– Ежели свои, – пробормотал Звонкий, пытаясь набить трубку, – а то ведь Петрухи. Это ты, Вася, пойми.
– Я все понимаю, – сказал сапожник. – Ты, Конскентин, правильно.
– Правильно?
– В точку.
– Это деньги, милый… такие, не наши деньги.
– Бог с ними.
– Известно, Вася, Петрушка, значит, просил, как бог свят. А попа дома не было – косит он, батька-то, понял?
– Все знаю, – переминаясь от нетерпения, сказал сапожник.
– Я их попу отдам.
– Отдай, мне что?
– Так отдать?
– Беспременно.
– Нет, Вася, ты рассуди: я их отдать должен?
– Верно.
Звонкий умолк. Того, чего бессознательно ждал он, – легкого искушения, не было в словах земляка, но поддакивание рассердило его.
– Пропью, – сказал Звонкий. – Я, брат, человек пропащий.
Сапожник не ответил. Осторожная и жестокая мудрость подсказывала ему, что теперь следует как бы равнодушно молчать. Оттого ли, что пристально смотрел на него сапожник, или оттого, что сапожник был терпелив и не спорил, – Звонкий почувствовал желание куда-то идти.
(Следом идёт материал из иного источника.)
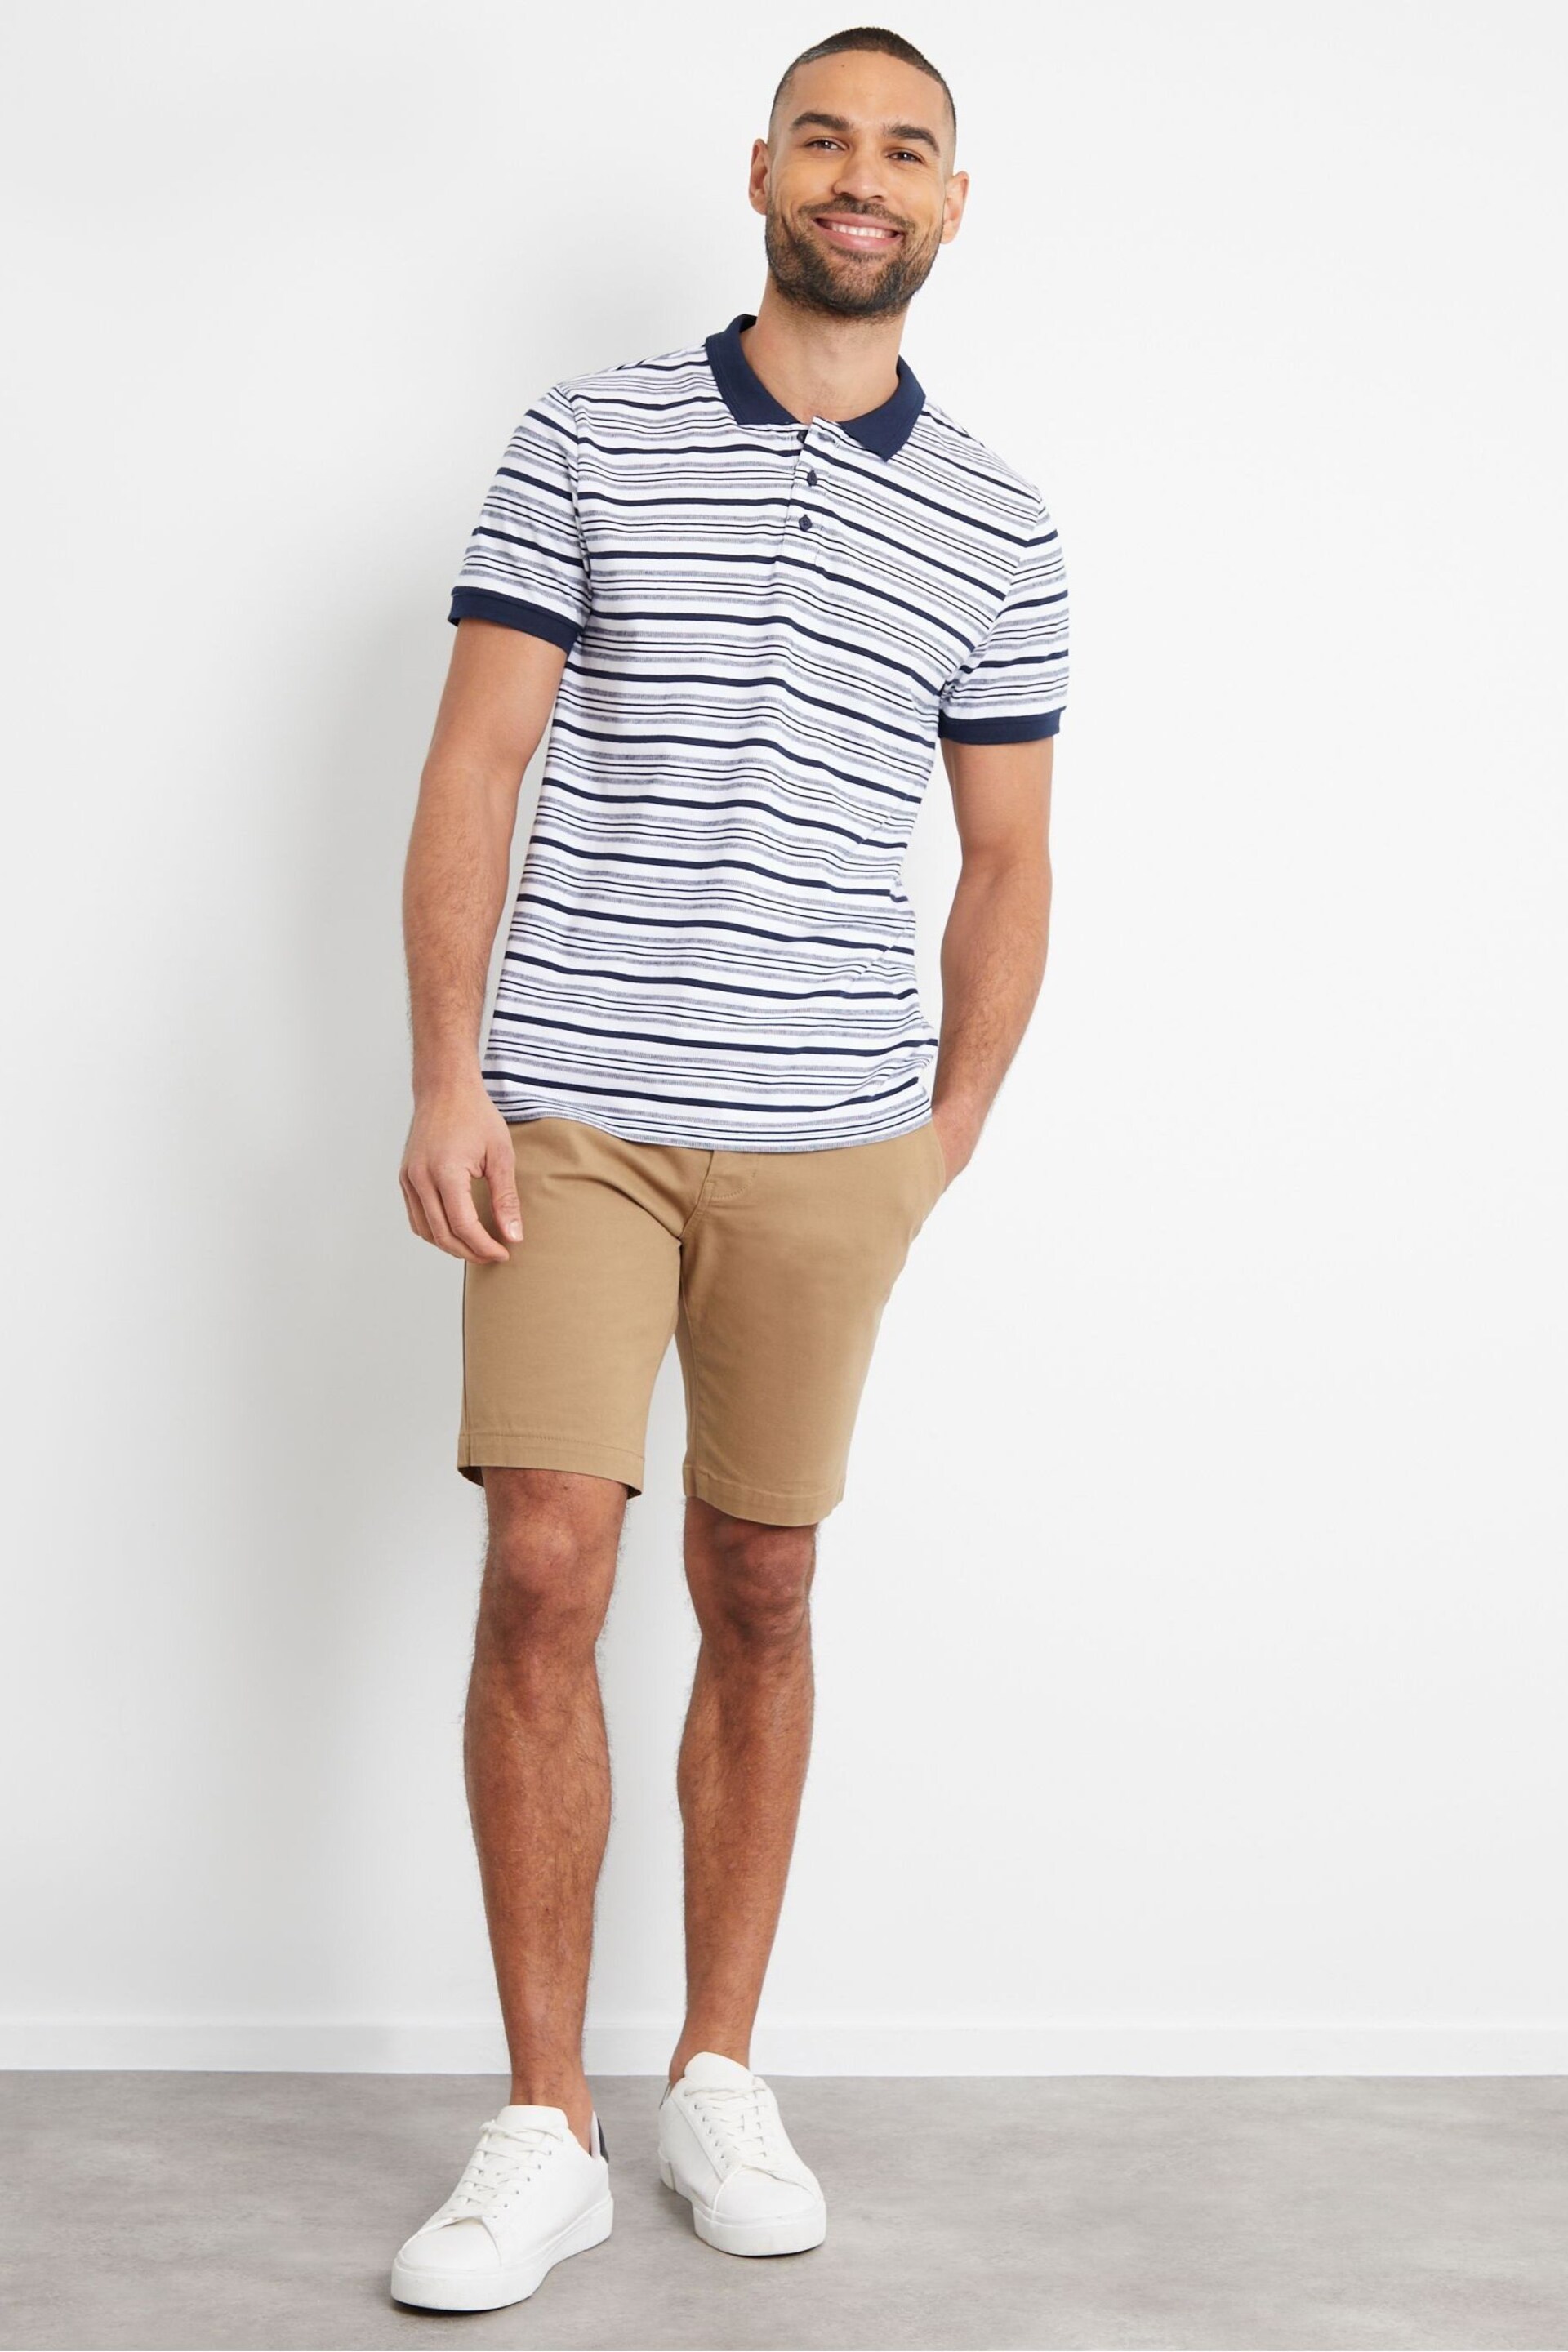 Threadbare Stone Slim Fit Cotton Chino Shorts With Stretch - Image 3 of 4
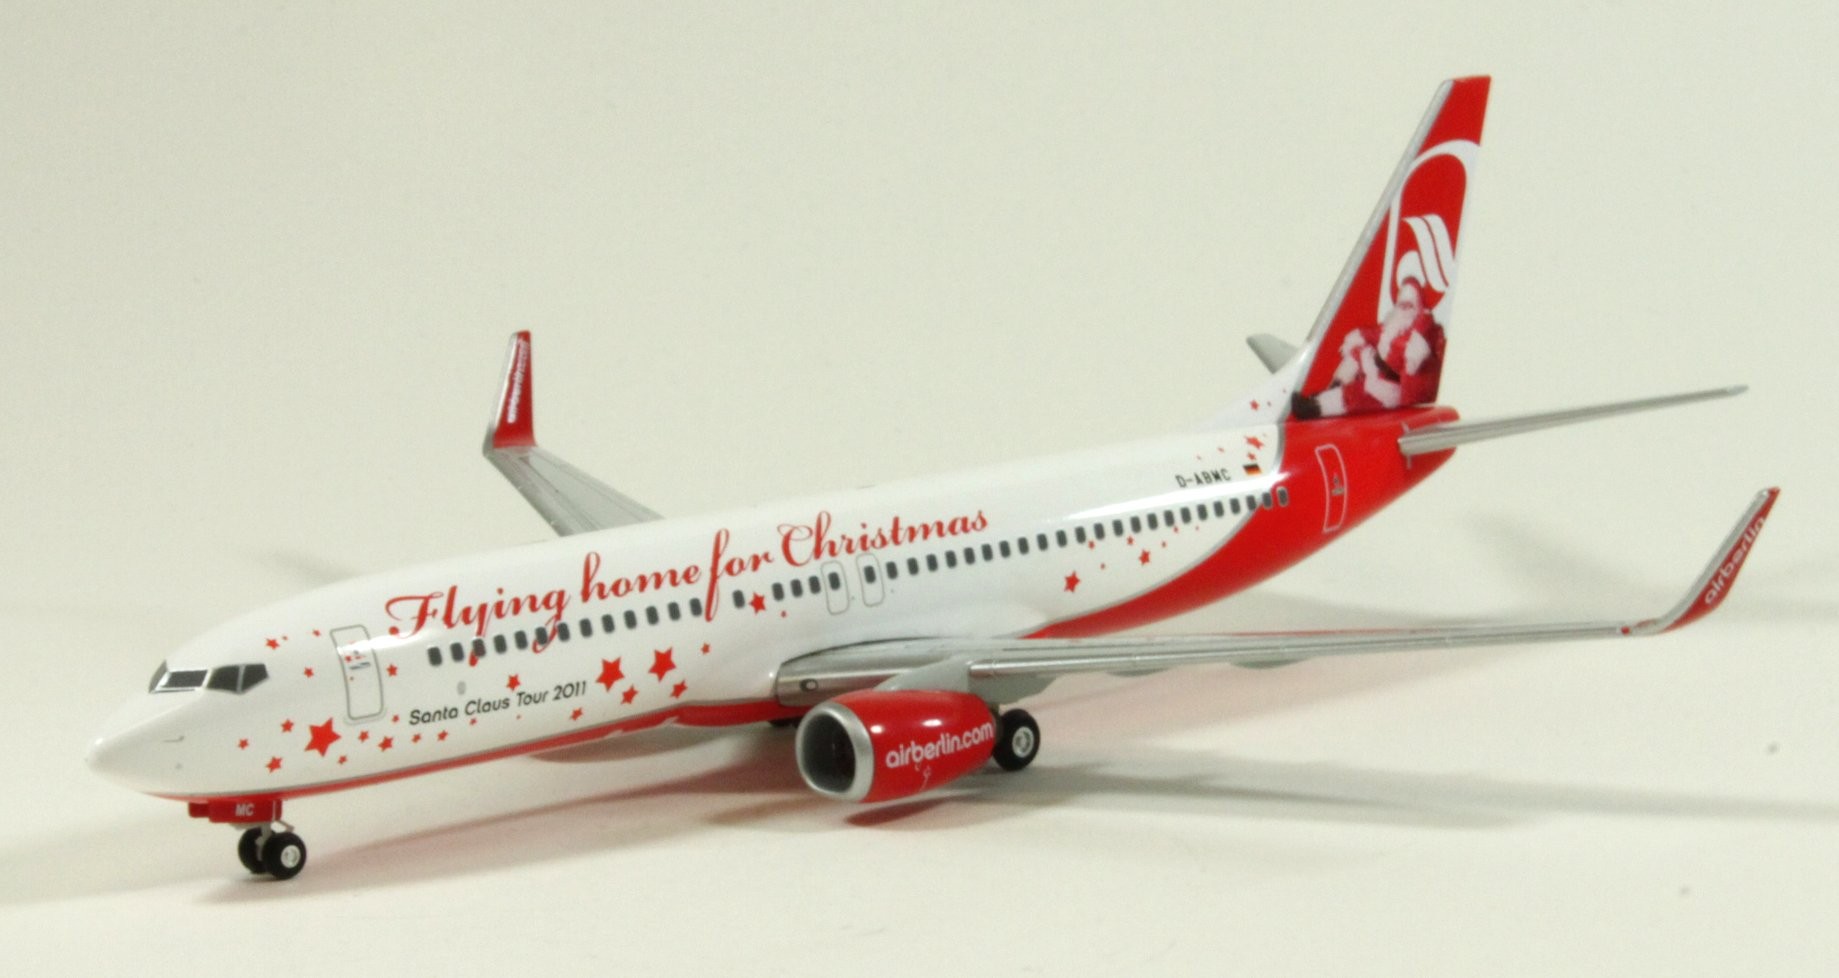 Sale! Air Berlin Boeing 737-800 Flying home for Christmas 555364 Scale 1:200

– Пойду я, – сказал Звонкий. – Пропал я, и ты пропал, Вася. Прощай, когда…
– Иди спать, зимогор. Право, под забором уснешь ведь, сапоги снимут.
– Пускай. – Звонкий вдруг устремился, заламывая шапку, в переулок.
Сапожник, догнав его, схватил за плечи, толкая назад.
– Иди к лешему! – сказал Звонкий. – Не тронь, я пойду.
– Да где тебе, дура, ходить, непристроенный ты чурбан? Иди спать!
– А… пойду, – сказал, вырываясь, упрямо и зло мужик. – Не лезь.
С минуту они нелепо и бестолково боролись. Сапожник, отступив, плюнул и выругался.
– Да дьявол с тобой, – закричал он, – тебе, дураку, добра хотят! Тьфу! Залил глотку, немочь лесная, ломается!
Он повернулся и, оглядываясь, скрылся за углом. Звонкий же, забыв мгновенно о земляке, шел, не зная куда. Высокая, в платке, женщина попалась ему навстречу; мужик поднял голову и узнал барышню. На ней было другое платье, иным выглядело осунувшееся лицо, но Звонкий узнал и обрадовался так, что выступили на глазах пьяные слезы. Расставив бесцеремонно руки и ухмыляясь, мужик сделал вид, что ловит: побледневшую от испуга Лизу, и сдернул шапку.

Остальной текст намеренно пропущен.